Guarding Your Heart Against Agitation

 READ: Proverbs 4:23; Psalm 37:3-7

It is a rarity on network news programs to hear much that is positive.  In fact, as I write this post, I am hearing a litany of reports about potential riots in large cities across our country.  In addition, there are reports of people in corporate and government positions of power that are being investigated for potential criminal activity.  Chances are, if you are like me, you feel personally betrayed and cheated. These kinds of experiences happen all the time.  And our emotions go from confusion to outright frustration and anger. 

The problem is that our agitation with the way things are brings damage to our souls that we may not realize at first.  And since we are commanded in Scripture to “guard our hearts” (PROV 4:23), we must meet life’s agitating moments with a biblical alternative.  And that alternative is found in Psalm 37.

You will want to notice in verse 1 that we are met with a very direct command.  That is, we are told to “not be agitated,” a directive that is repeated in verses 7 and 8.  However, it is one thing to be told what NOT to do.  The ultimate question is, “What SHOULD we do?”  Read Psalm 37:3-7 one more time.  Did you notice on further review that the LORD is mentioned four times in our passage?  The very mention of His name should give us insight into an important principle that will help us to protect our souls from spiritual danger.  That is, WHEN EVIL SEEMS TO BE WINNING, NURTURE A GOD-CENTERED HEART.  Let’s take a look at how we might nurture this kind of heart for God.
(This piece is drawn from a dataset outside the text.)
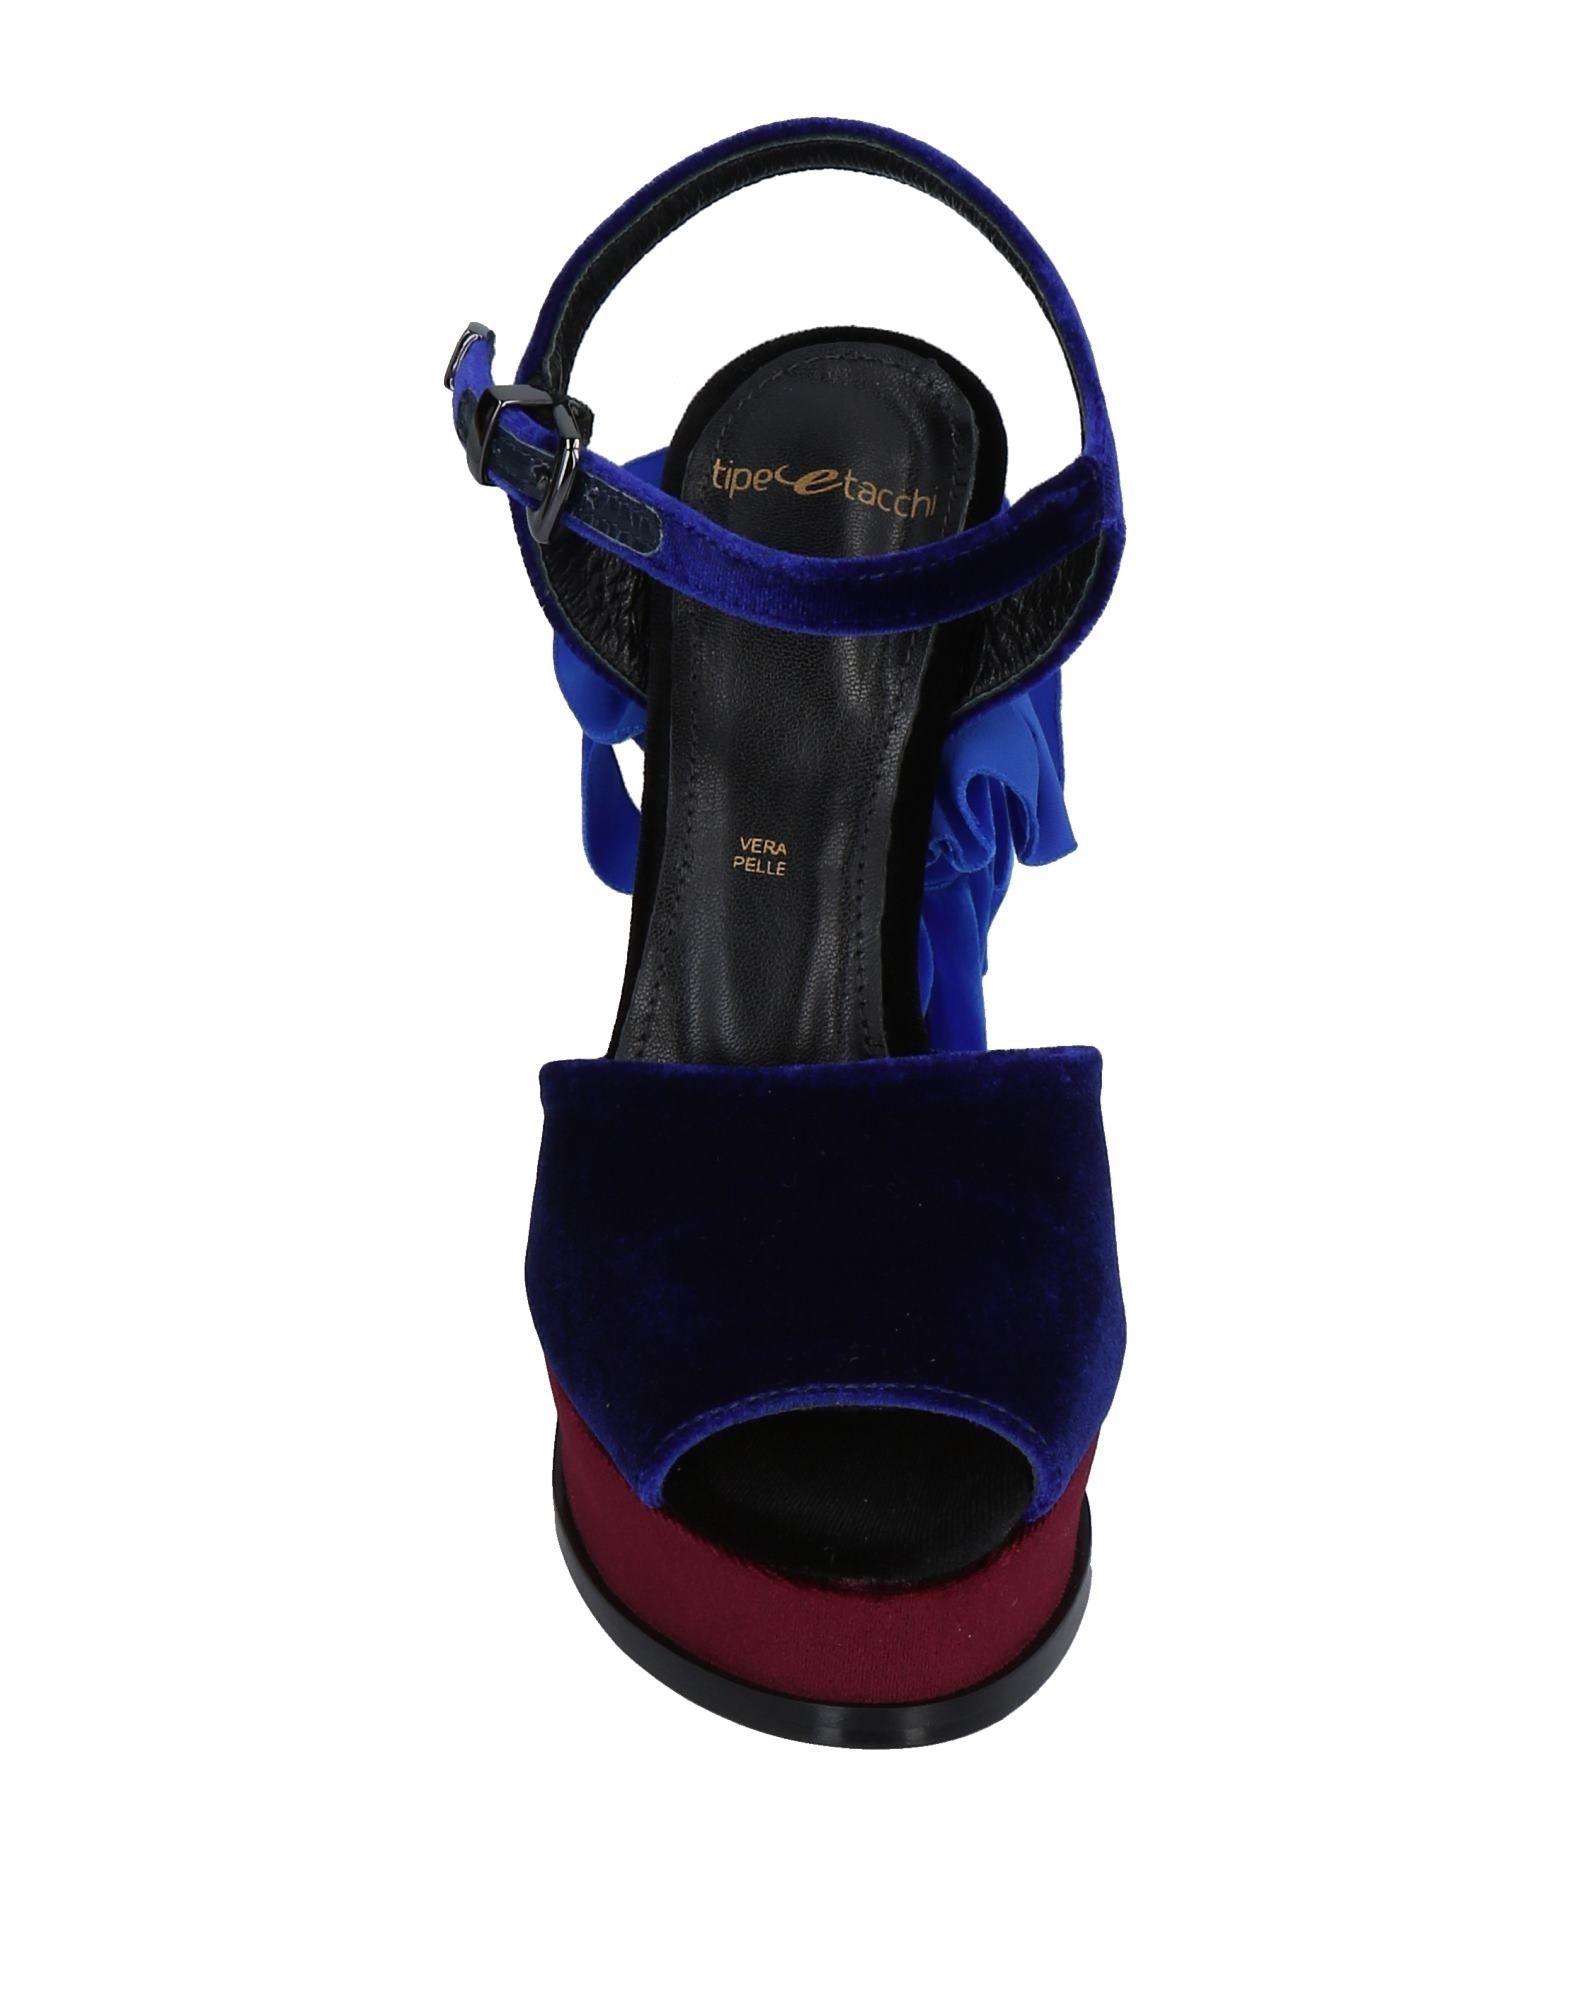 Tipe E Tacchi Sandalen beliebte Damen 11483492NX Gute Qualität beliebte Sandalen Schuhe 2f4186

The first step, according to the psalmist, is to “trust in the LORD and do what is good.”  The concept of doing good is more than helping those in distress or giving time and money for good causes.  The “good” in this context has to do with our daily responsibilities—going to work, loving the people around us, and caring for the things entrusted to us.  The second half of the verse gives even further clarification. We are told to “dwell in the land and live securely.”  That is, we are to go about our daily responsibilities, not just believing that God exists, but believing He is present to protect us and use us for His purposes.

To nurture a God-centered heart means that we believe God is with us in everything that we do.

The second means of nurturing a God-centered heart is found in verse 4.  The psalmist tells the reader to “delight in the Lord.”  The word “delight” is translated in some places as an action of treating something with care as a great treasure or delicacy.  In this verse the imperative has the idea of giving extended time to looking at the beauty, greatness, and majesty of the LORD.  In the end, the psalmist tells us “God will give us our heart’s desire.”  The interesting thing about delighting in the Lord is that the more we delight in Him, the more His desires become our desire.

To nurture a God-centered heart is to focus on the character and attributes of the living God.

A third way to nurture a God-centered heart is found in verses 5 and 6.  Here the psalmist exhorts his readers to “commit their way to the LORD.”  The picture behind the command is one of packing up all that represents our plans, our hopes, and our dreams, and then giving them to God for His use.  It is like saying, “Here I am, LORD, do with my agenda whatever you want.”  In the end we are told that evil might seem to be winning for a season, but God will ultimately vindicate His people (cf. v. 6). 

To nurture a God-centered heart means that we will surrender our lives and plans to Him to do with them whatever He wants.

A final means of nurturing a God-centered heart is found in verse 7.  The psalmist says “be silent before the LORD and wait expectantly for Him.”  These back-to-back imperatives emphasize the single action of waiting for God to act.  It’s a lot like waiting at the airport in baggage claim for a loved one to return from an extended trip.  You notice from the airport monitor that the plane has landed.  And yet you watch the gate, knowing that your loved one will walk through the door any minute. Sometimes the “wait” seems to last forever! Then the door opens and the person you have been hoping to see stands in your very presence.  That kind of waiting is similar to what we are to do with the LORD. Scripture tells us that He will eventually eliminate sin and evil from the earth.  Until that happens, we must believe He will do what He says in His perfect timing. 

To nurture a God-centered heart is to trust in the perfect, wise timing of God to complete what He says He will do.

Maybe one of the best things we can do is to stop listening to the evening news.  It only seems to exalt how bad things are in our world.  But don’t just wait around and continually get agitated.  No, guard your heart!

Nurture a God-centered lifestyle that will sustain you for time and eternity!